▶ STORED DATA
______________________________

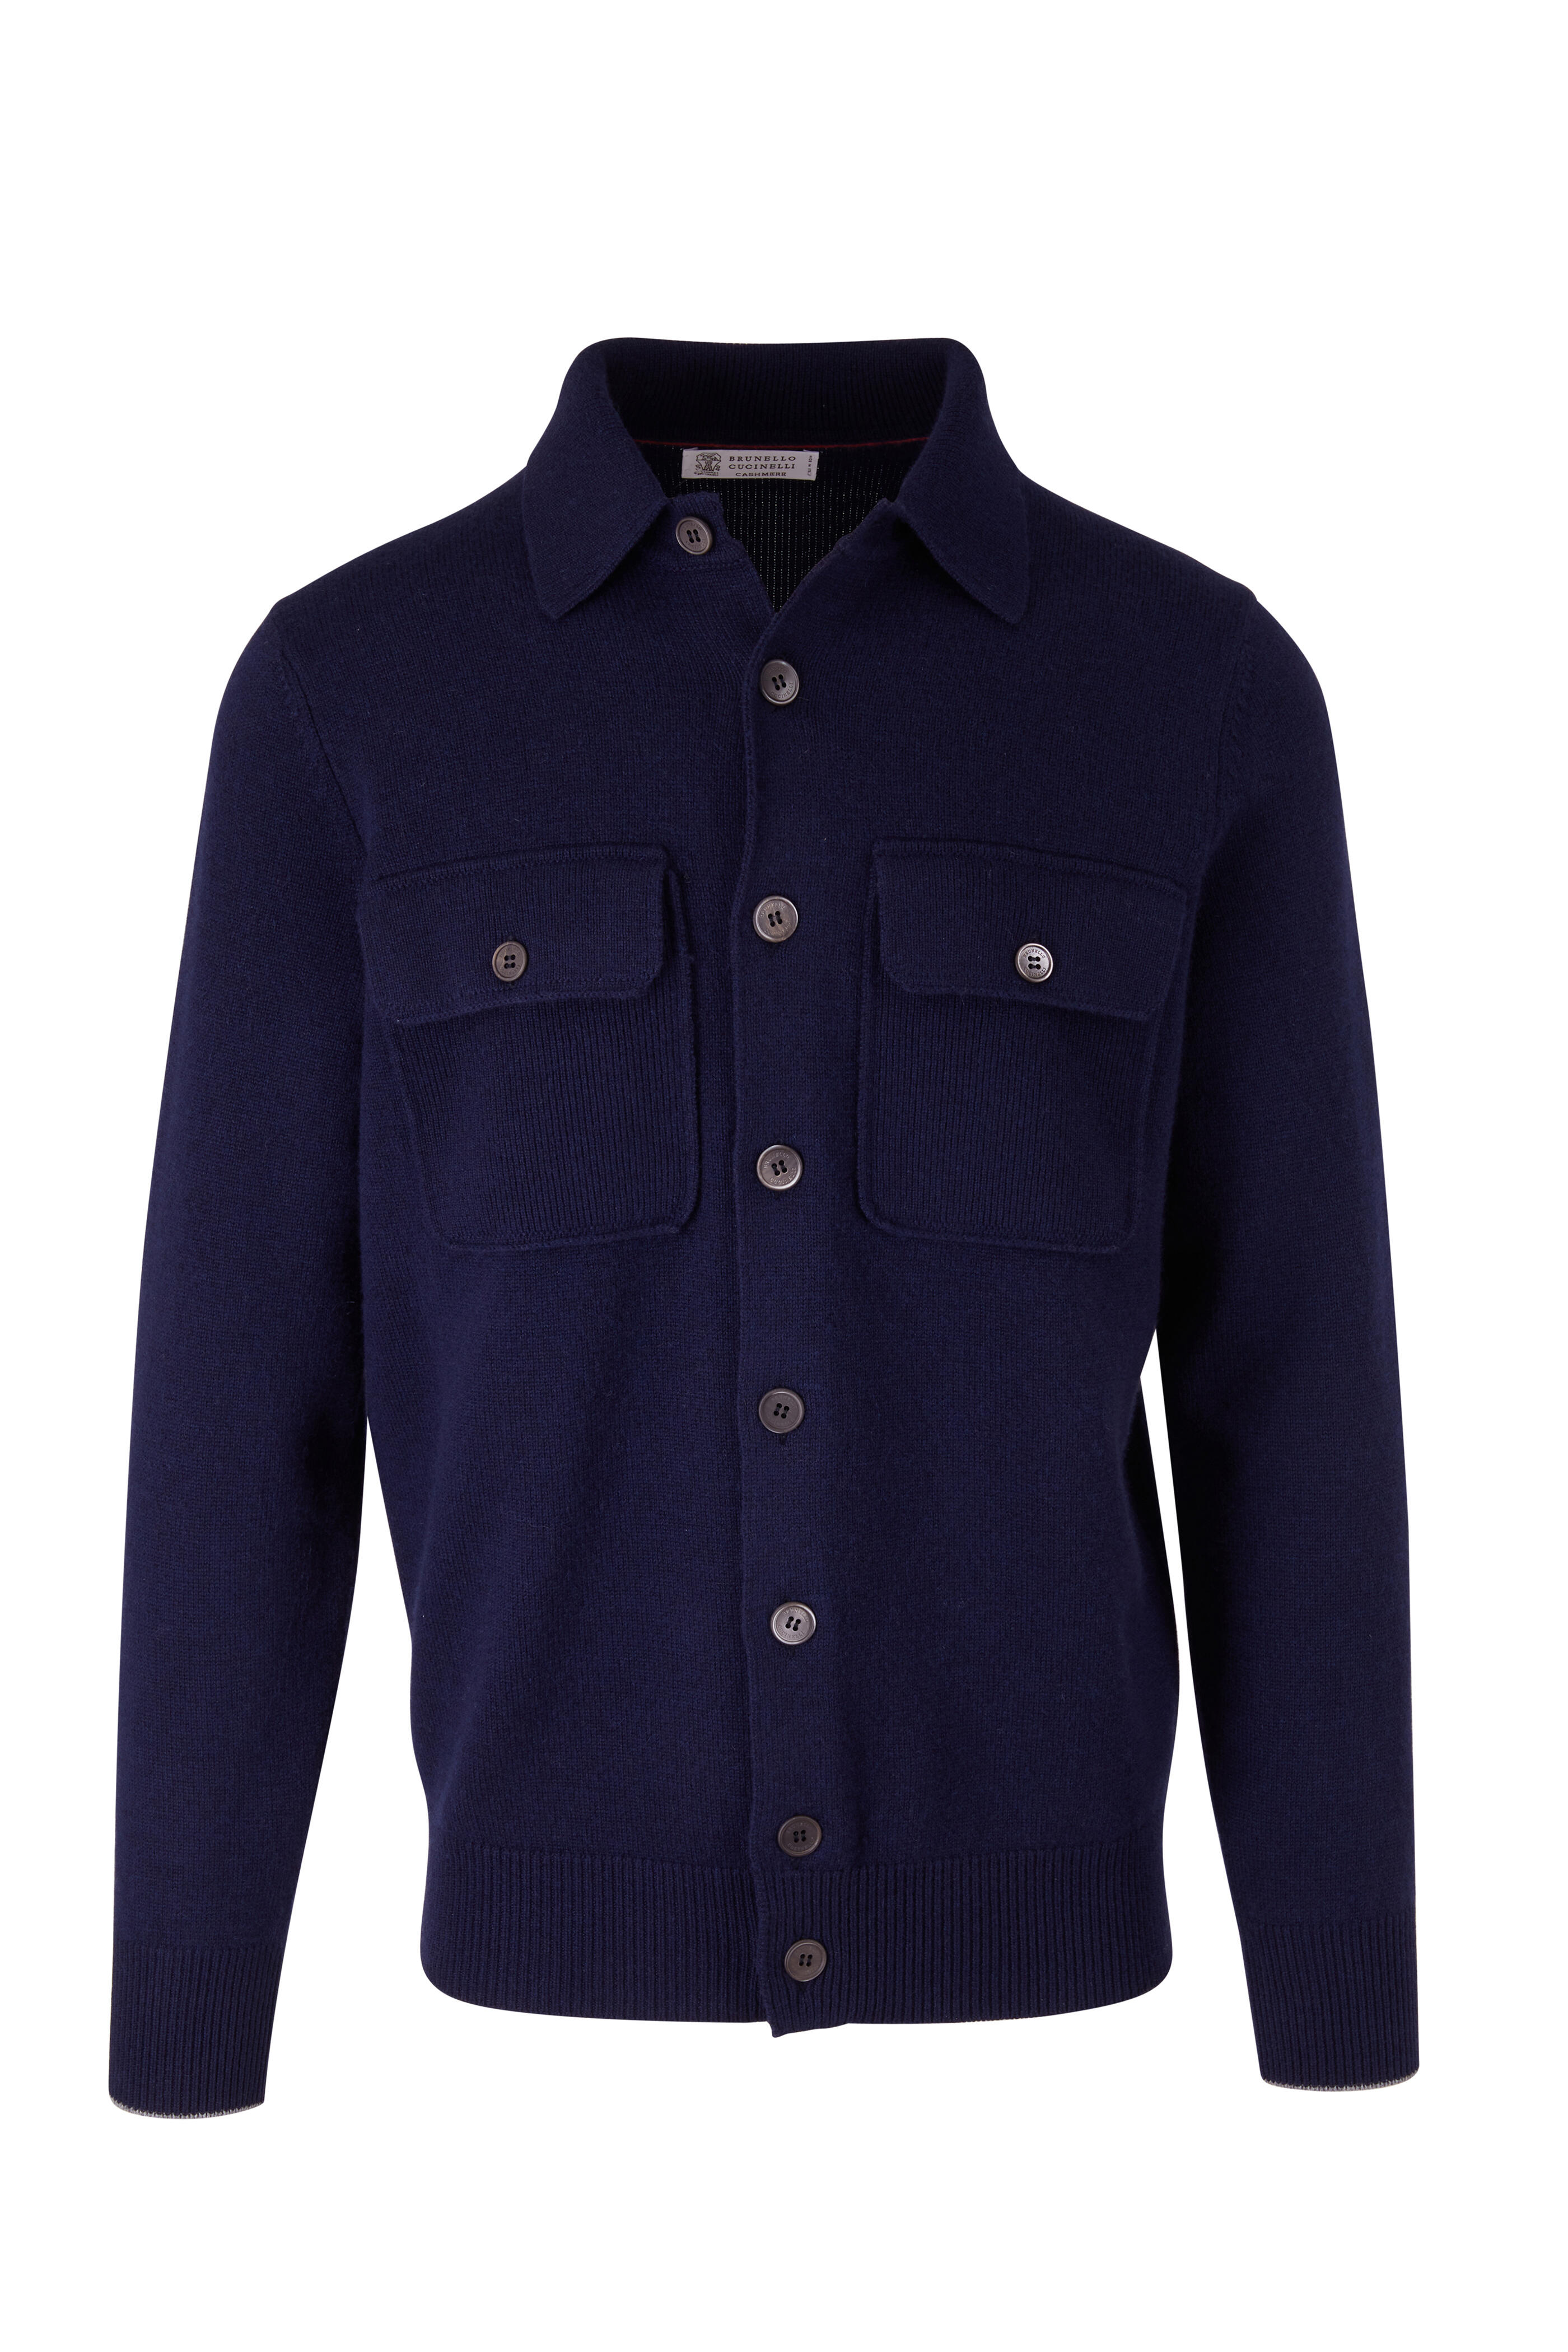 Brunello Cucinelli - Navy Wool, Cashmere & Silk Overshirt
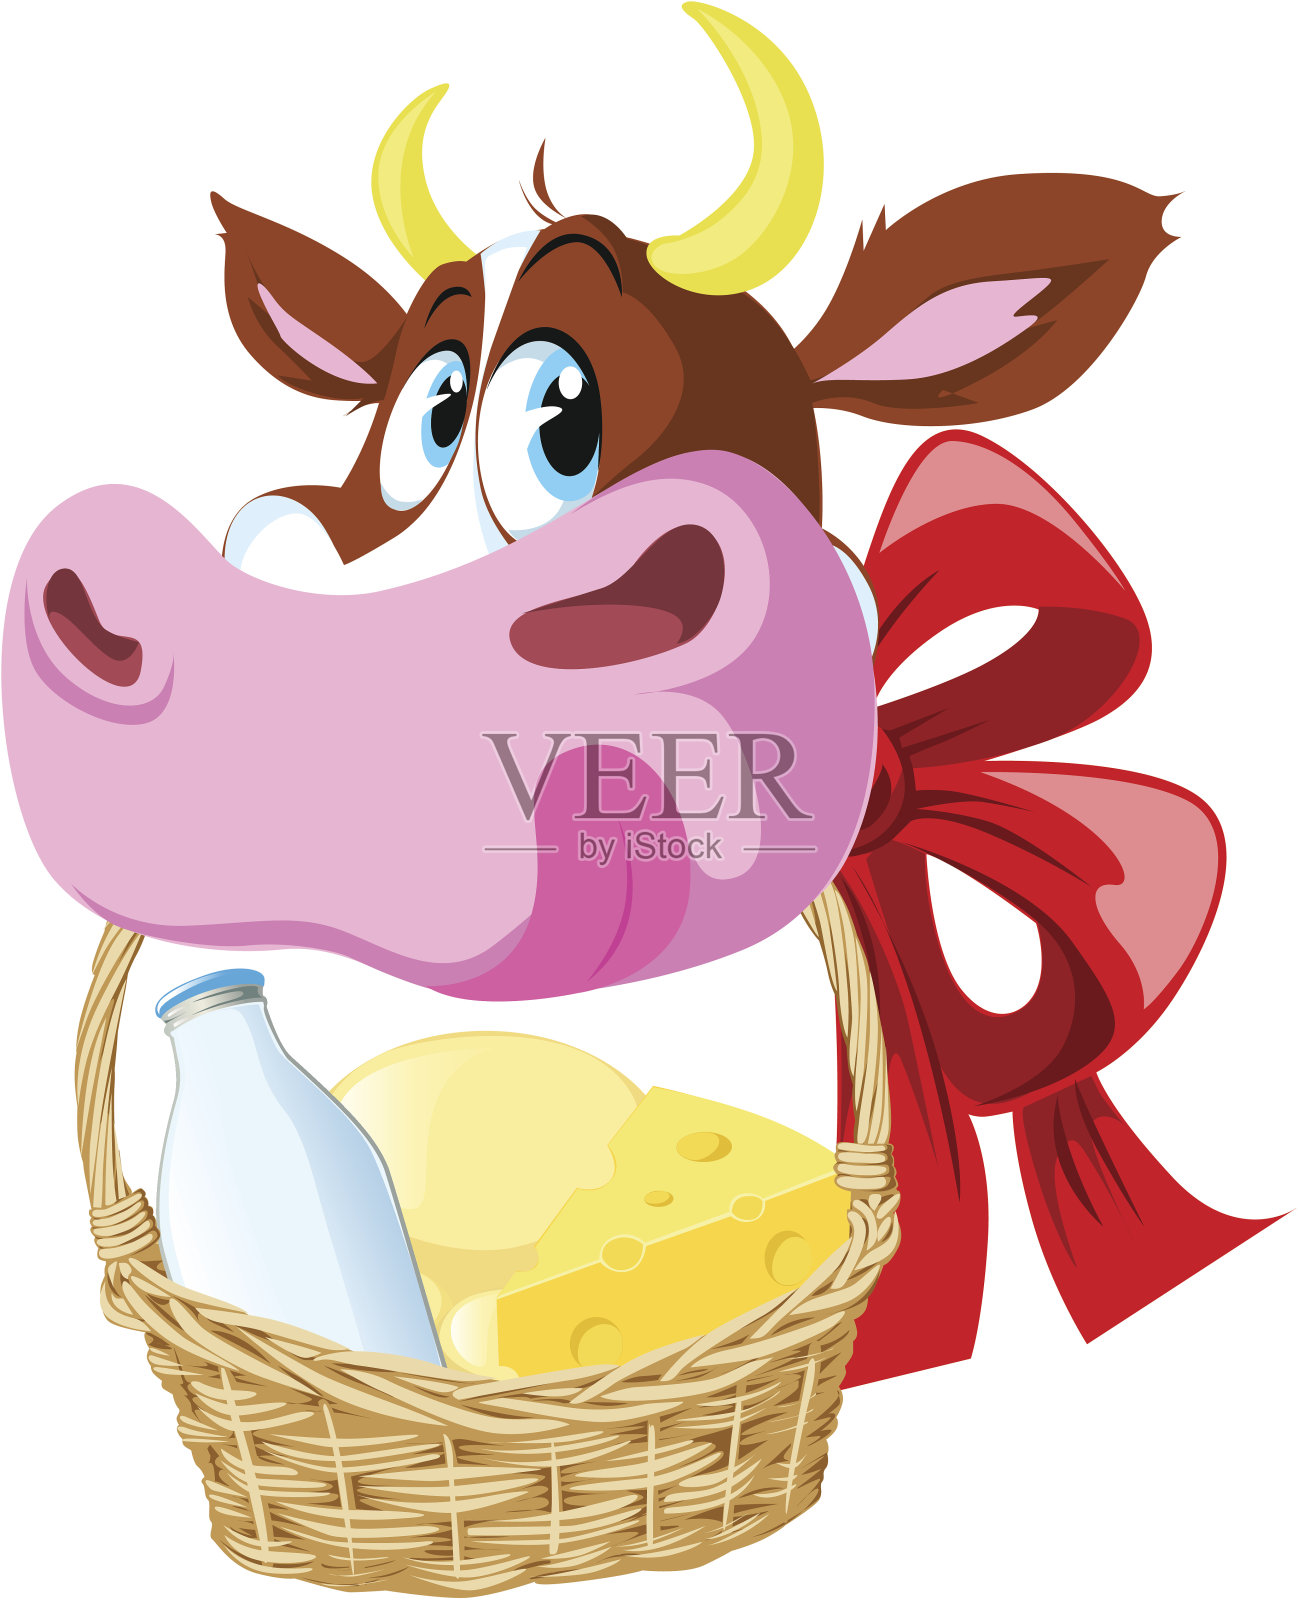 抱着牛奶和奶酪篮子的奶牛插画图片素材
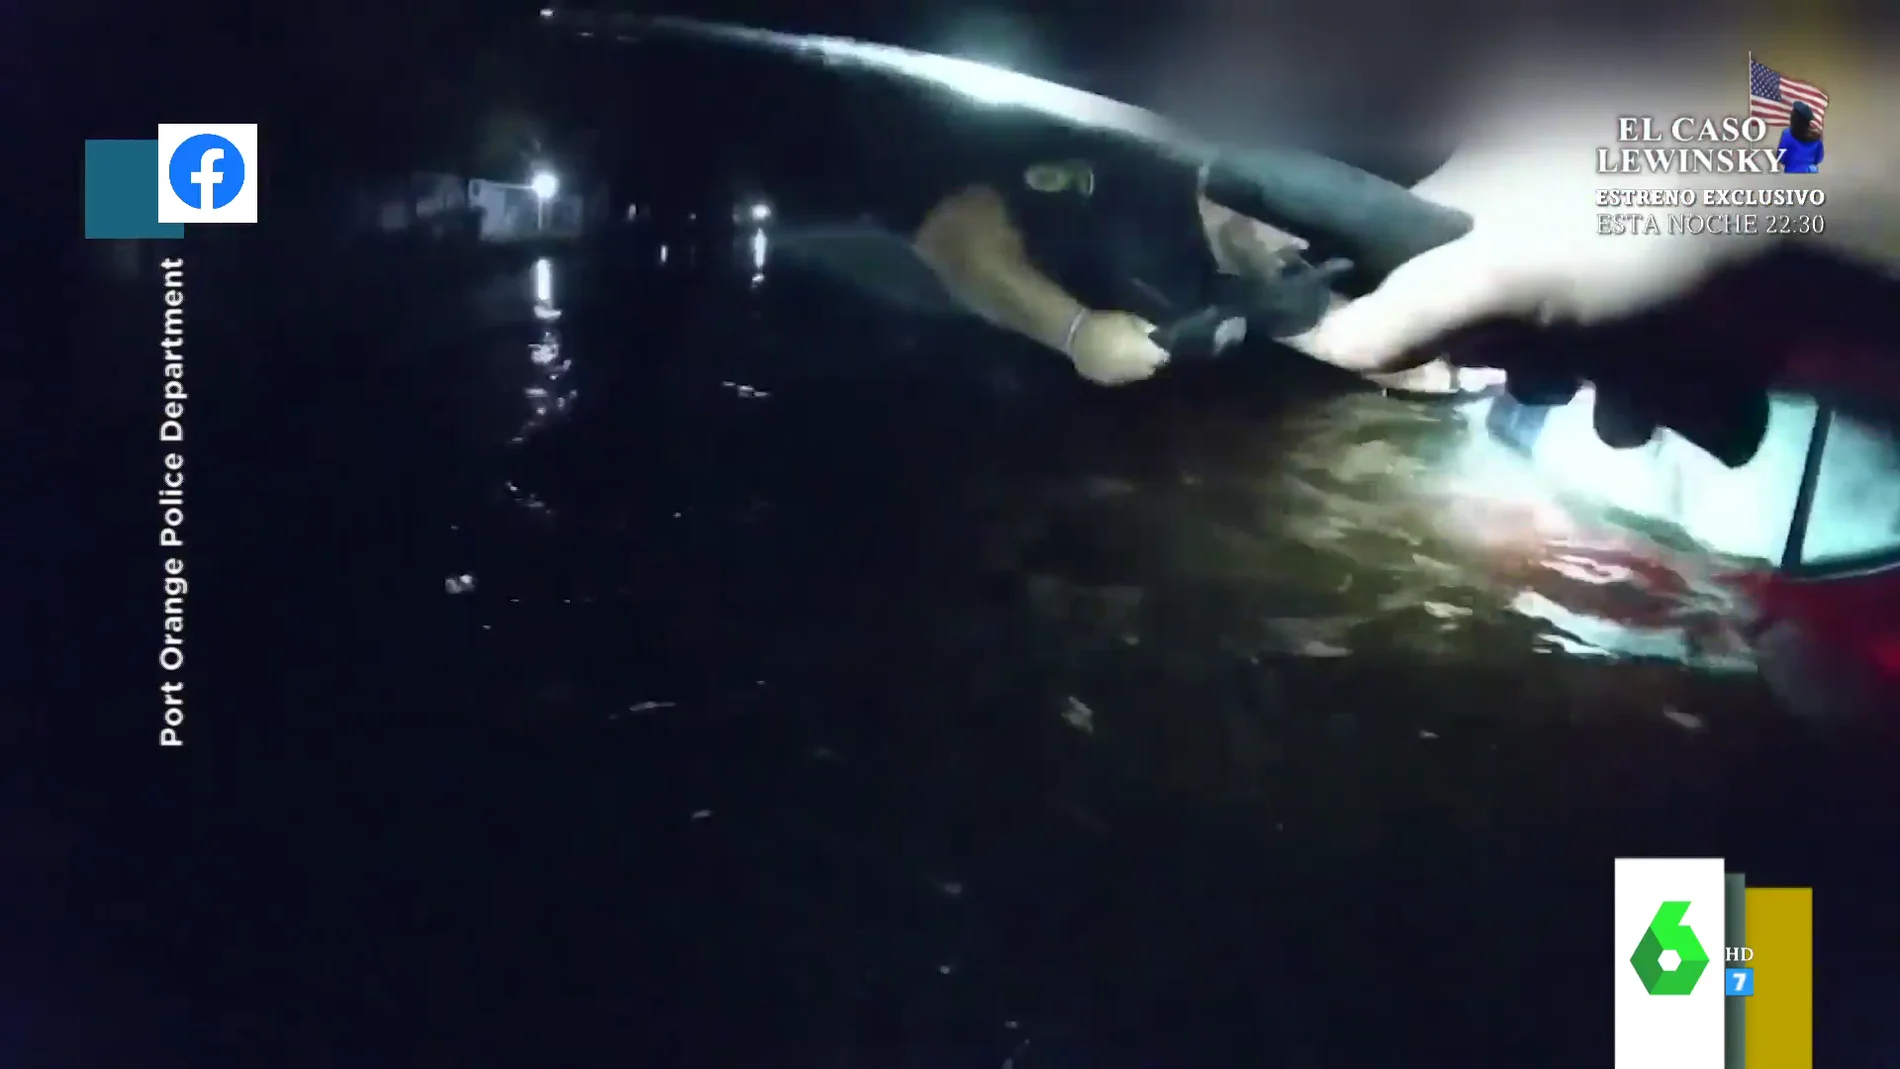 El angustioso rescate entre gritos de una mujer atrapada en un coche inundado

______________________________

▶ TASK STATEMENT
Write out the data word for word, with every picture dropped.

▶ ANSWER FOR THIS EXERCISE
 Brunello Cucinelli - Navy Wool, Cashmere & Silk Overshirt
 抱着牛奶和奶酪篮子的奶牛插画图片素材
 El angustioso rescate entre gritos de una mujer atrapada en un coche inundado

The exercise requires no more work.